Good stuff, Leon!  Thanks for sharing 'em with us.


----------



## nhpharm (May 8, 2017)

Love that Hutch...tombstone slug but round slug layout!


----------



## botlguy (May 8, 2017)

As always, a pleasure to hear your story and see your finds. I really wish I could dig again, too old and live in a bottle wilderness.
Jim S.


----------



## hemihampton (May 8, 2017)

nhpharm said:


> Love that Hutch...tombstone slug but round slug layout!
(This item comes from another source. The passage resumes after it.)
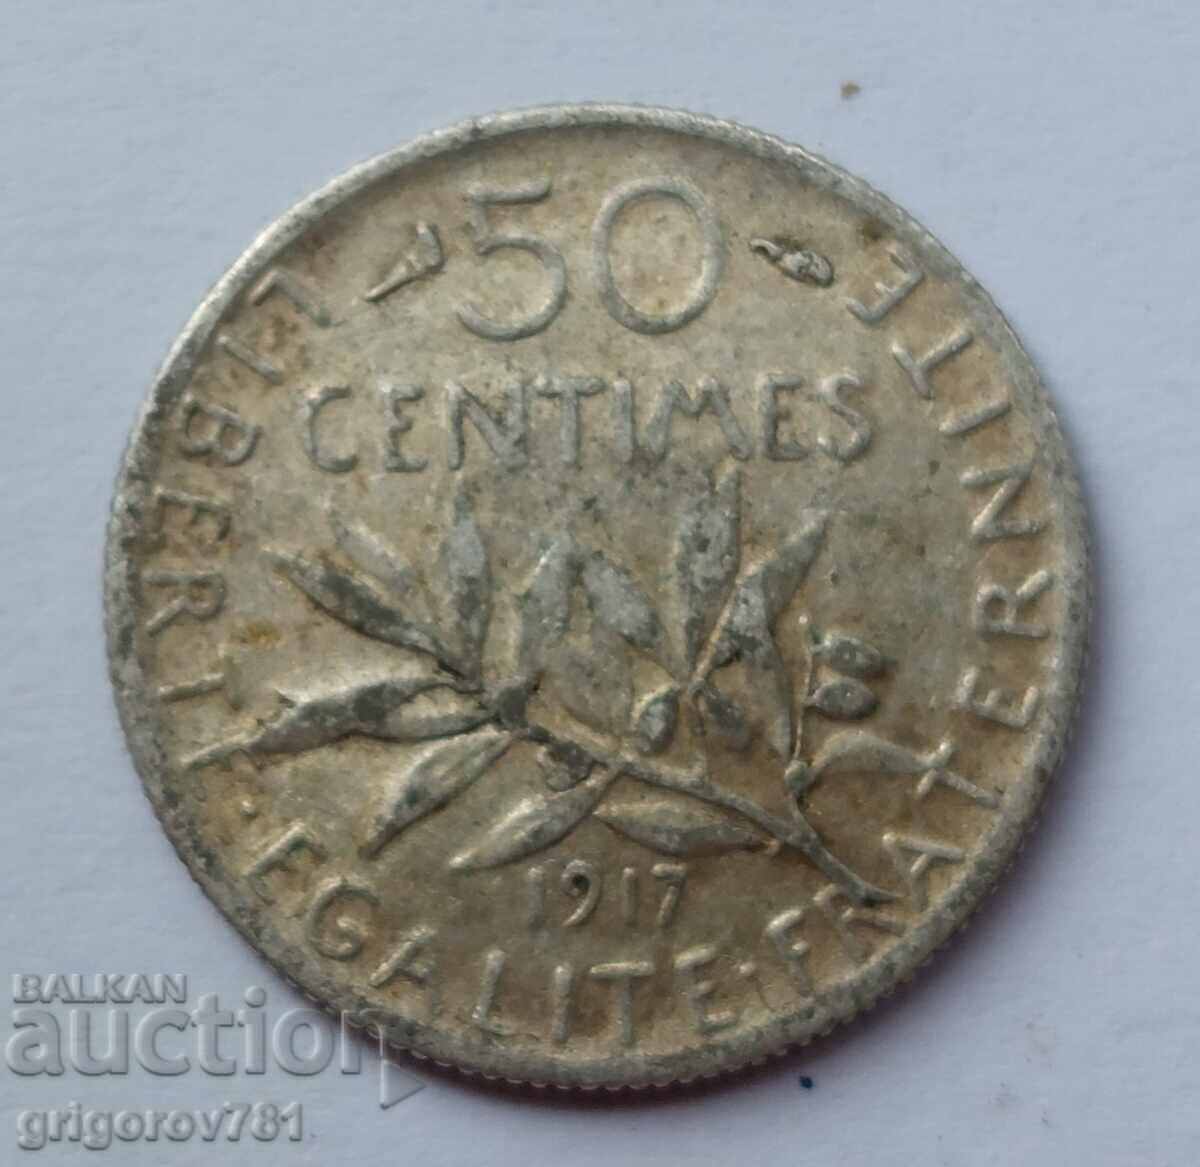 Ασημένιο 50 εκατοστά Γαλλία 1917 - ασημένιο νόμισμα №47

Odd, I never noticed that before but your right, more like a round slug plate with the lettering/wording in a circle but in a tombstone (or horseshoe) slugplate. Thanks for pointing that out. LEON.


----------



## RelicRaker (May 9, 2017)

Cool finds! That Mt Clemens is a winner. Thx for posting pix.


----------



## iggyworf (May 9, 2017)

Excellent! Also love that Mt Clemens one.


----------



## hemihampton (May 10, 2017)

Any Mt. Clemens hutch is a rare hutch in my opinion. A Friend of mine has a rare Amber Mug base Mt. Clemens hutch, would love to dig one of those or a Cobalt Blue Mt. Clemens hutch. LEON.


----------



## nhpharm (May 10, 2017)

That would be pretty awesome!


----------



## GLASSHOPPER55 (May 10, 2017)

That hutch is a real keeper. In all my 48 years digging I've not seen that tombstone/slug design.


----------



## sunrunner (May 11, 2017)

Ok nice stuff.


----------